As Omicron races across the globe and hospitals teem with infected people, emergency rooms may also be filling up with people vulnerable to another epidemic: human trafficking. The Omicron surge presents a unique opportunity to do something about it. For people experiencing human trafficking, Covid testing, vaccination, and treatment may mark their only outside interaction with individuals who could enable them to access help and freedom.

Dr. Hanni Stoklosa

At any given time, it is estimated there are 24.9 million people in forced labor globally and we know many trafficking victims access healthcare.

Human traffickers prey on people in vulnerable groups such as migrants, people of color, or those with disabilities. Traffickers tend to exploit people in low-wage sectors like nannying, house cleaning, landscaping, agriculture, fishing, commercial sex work, and home health services. Through a mixture of manipulation, threats, violence and debt, traffickers trap their victims in lives of servitude. There is no one sign that someone is trafficked, and the first clue is often the type of work they do. They may have injuries related to their work, be more fearful than I would suspect for the circumstances, or have no idea how they got to my hospital.

Throughout the pandemic, trafficked people were forced to keep working despite limited access to personal protective equipment. Many got Covid and some died.

A missed opportunity

During the Delta surge, the medical community missed a huge opportunity that we should not repeat. Because many trafficked individuals are often considered essential workers, they may be prioritized for Covid testing and vaccination. I urge all health care workers to seize the opportunity to assess their patients for human trafficking.

It may seem heretical to suggest adding more to the plate of clinicians who are drowning and systems that are bursting at the seams. Yes, I do see the National Guard in my emergency department, a stark reminder of how thin the healthcare workforce is stretched. Like so many of my colleagues, I am body and soul tired. My face hurts from the etchings of the N95 mask that I am afraid to take off during shift, even for a sip of water.

And yet, despite the teeming waiting room, when I encounter patients with telltale characteristics of vulnerability to trafficking, I pull up a stool, look my patient in the eyes and open the conversation.

“As your doctor I care about your health.
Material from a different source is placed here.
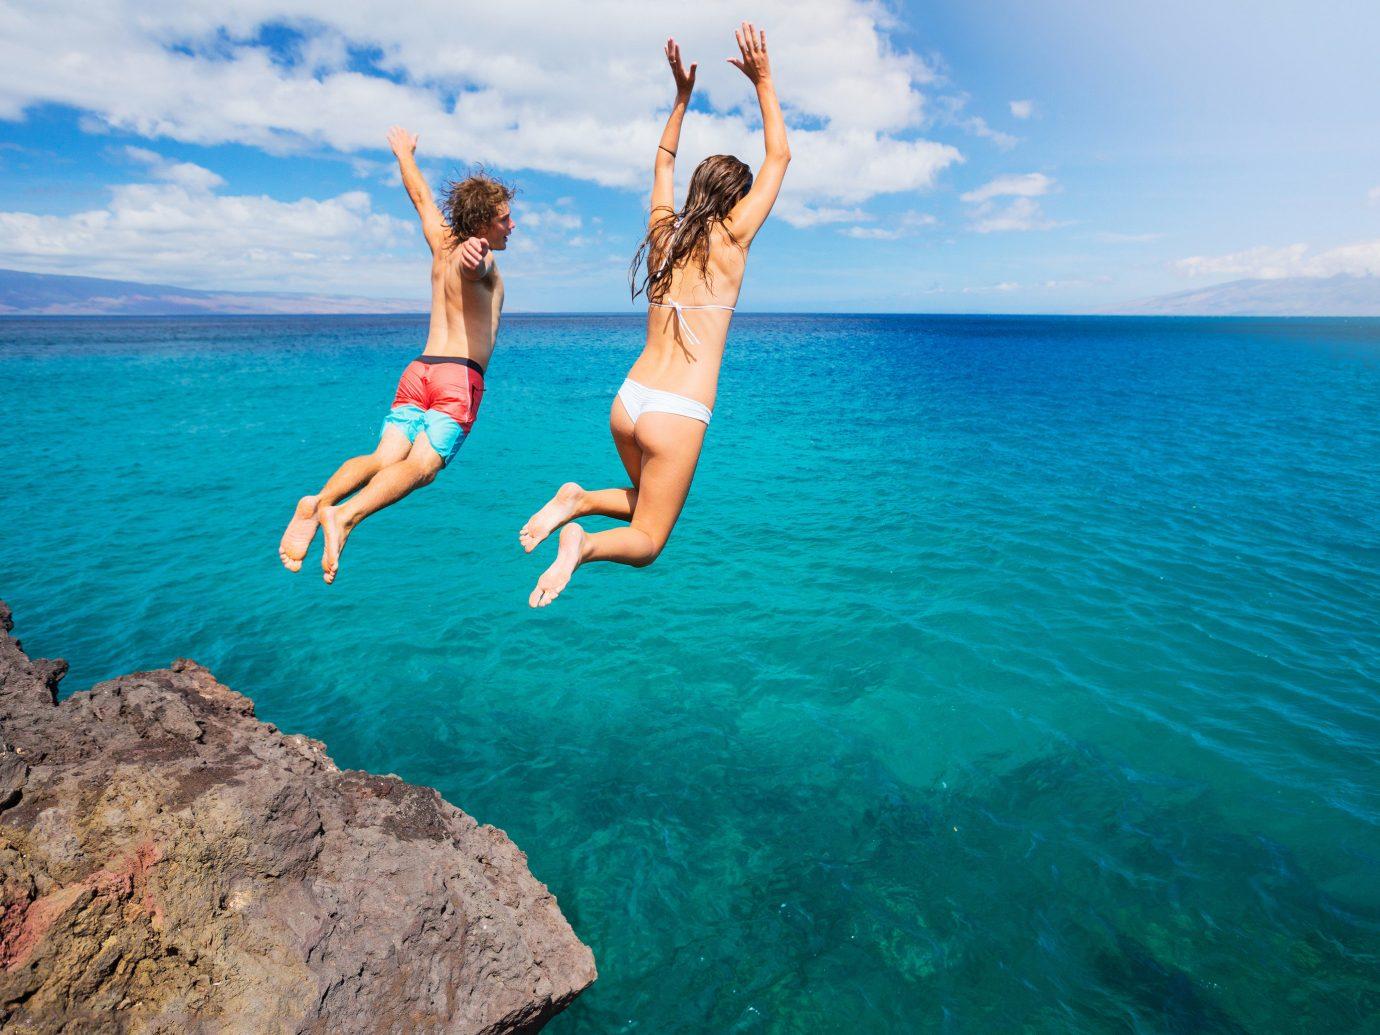 Offbeat water sky outdoor Sea Ocean vacation water sport Beach swimming Coast caribbean Nature cape bay jumping beautiful day
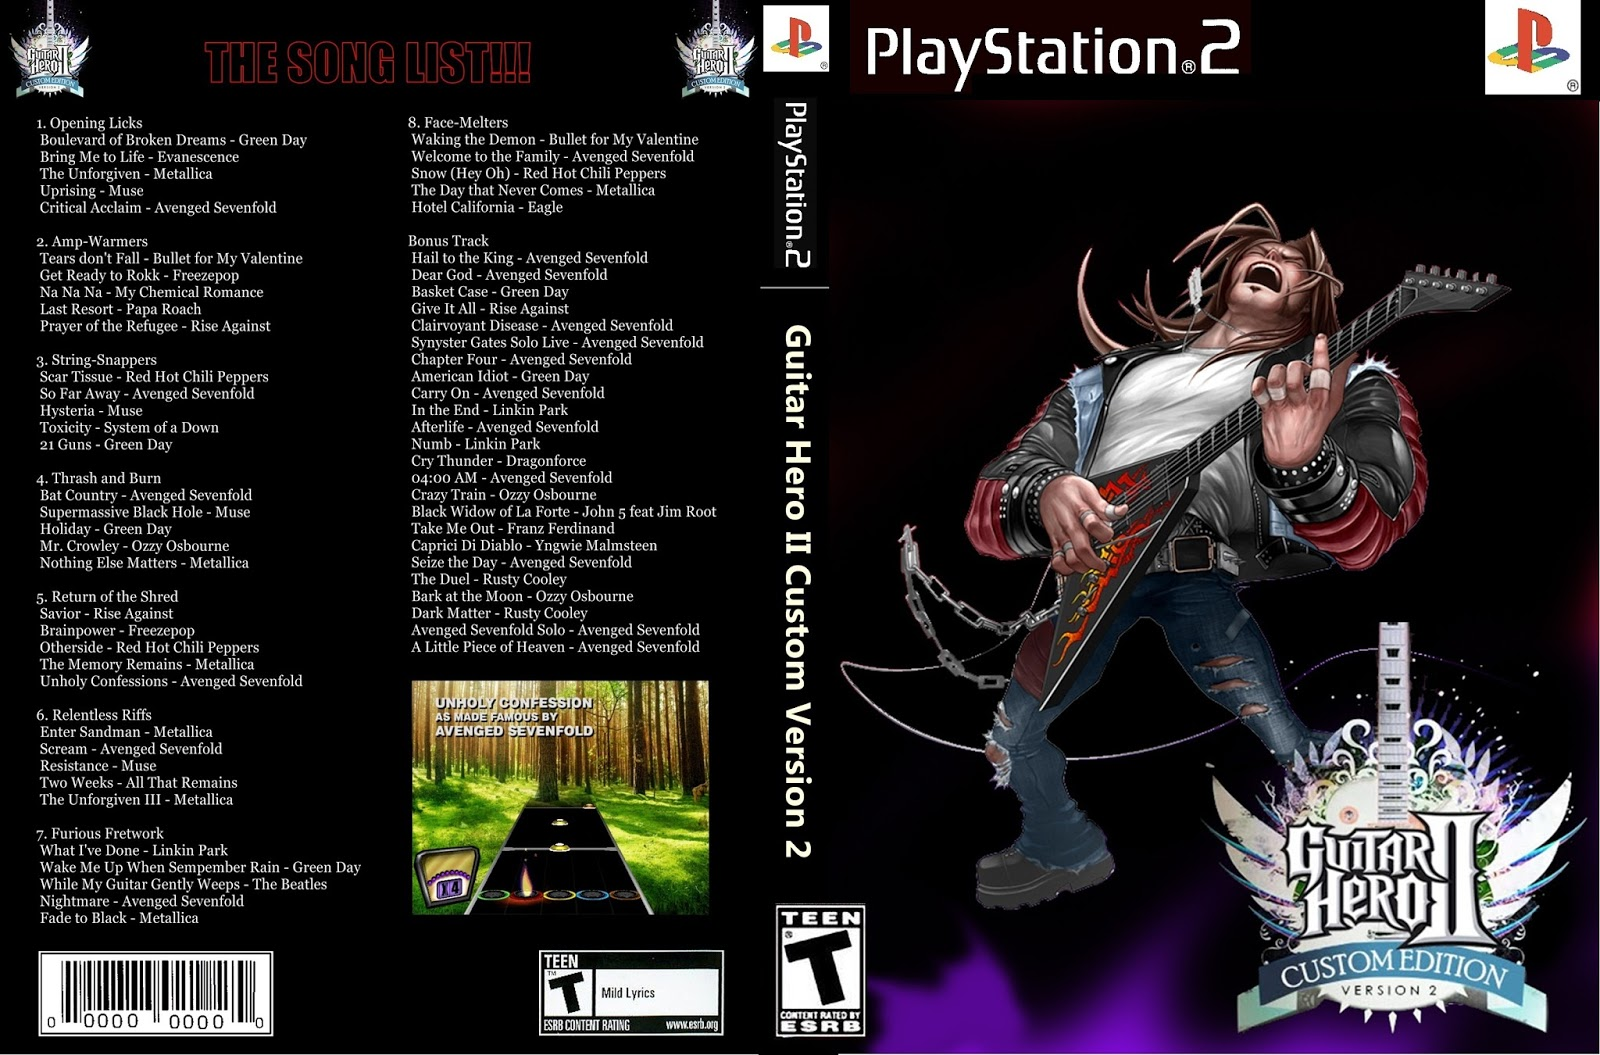 Rizal Mamen Blog: Jual Guitar Hero 2 Custom Version 2 Ps2

And I believe your health is related to the work you do. Some of my patients are in situations where their boss is controlling them, maybe threatening them or their family, holding onto their documents, not paying them. Has that ever happened to anyone you know or to you? I ask because I care about you, and we have resources to help people when they’re trapped in situations like that.”

Over the years patients have responded in many ways to my trafficking inquiry. Some disclose their trafficking situation and say, “I was praying for someone to ask me a question!” Others say, “Thank you, I will share this information with my community!” They are universally grateful.

I see each of these conversations about exploitation with my patients as planting seeds. Perhaps that patient will tell someone in her community about the fact that they have rights, or that my emergency department is a safe place to get help. Perhaps the next patient will ask for help. It is not my job to know when those seeds will sprout, just to plant them.

Making a difference

February is on track for Covid to continue to pummel country after country. Health care professionals have an opportunity and responsibility to be ready to respond to those experiencing trafficking who may only visit us during this brief window of time.

Simple interventions can make a big difference. It doesn’t have to take long. It doesn’t have to be complicated. Health professionals can ask simple questions about work and exploitation in the privacy of a Covid-precautions room.

But it’s not just doctors and health care workers who can make a difference. Everyone else can learn the warning signs and how to refer people for help.

As Omicron brings trafficking victims out of the woodwork, let us all be ready to plant seeds of freedom.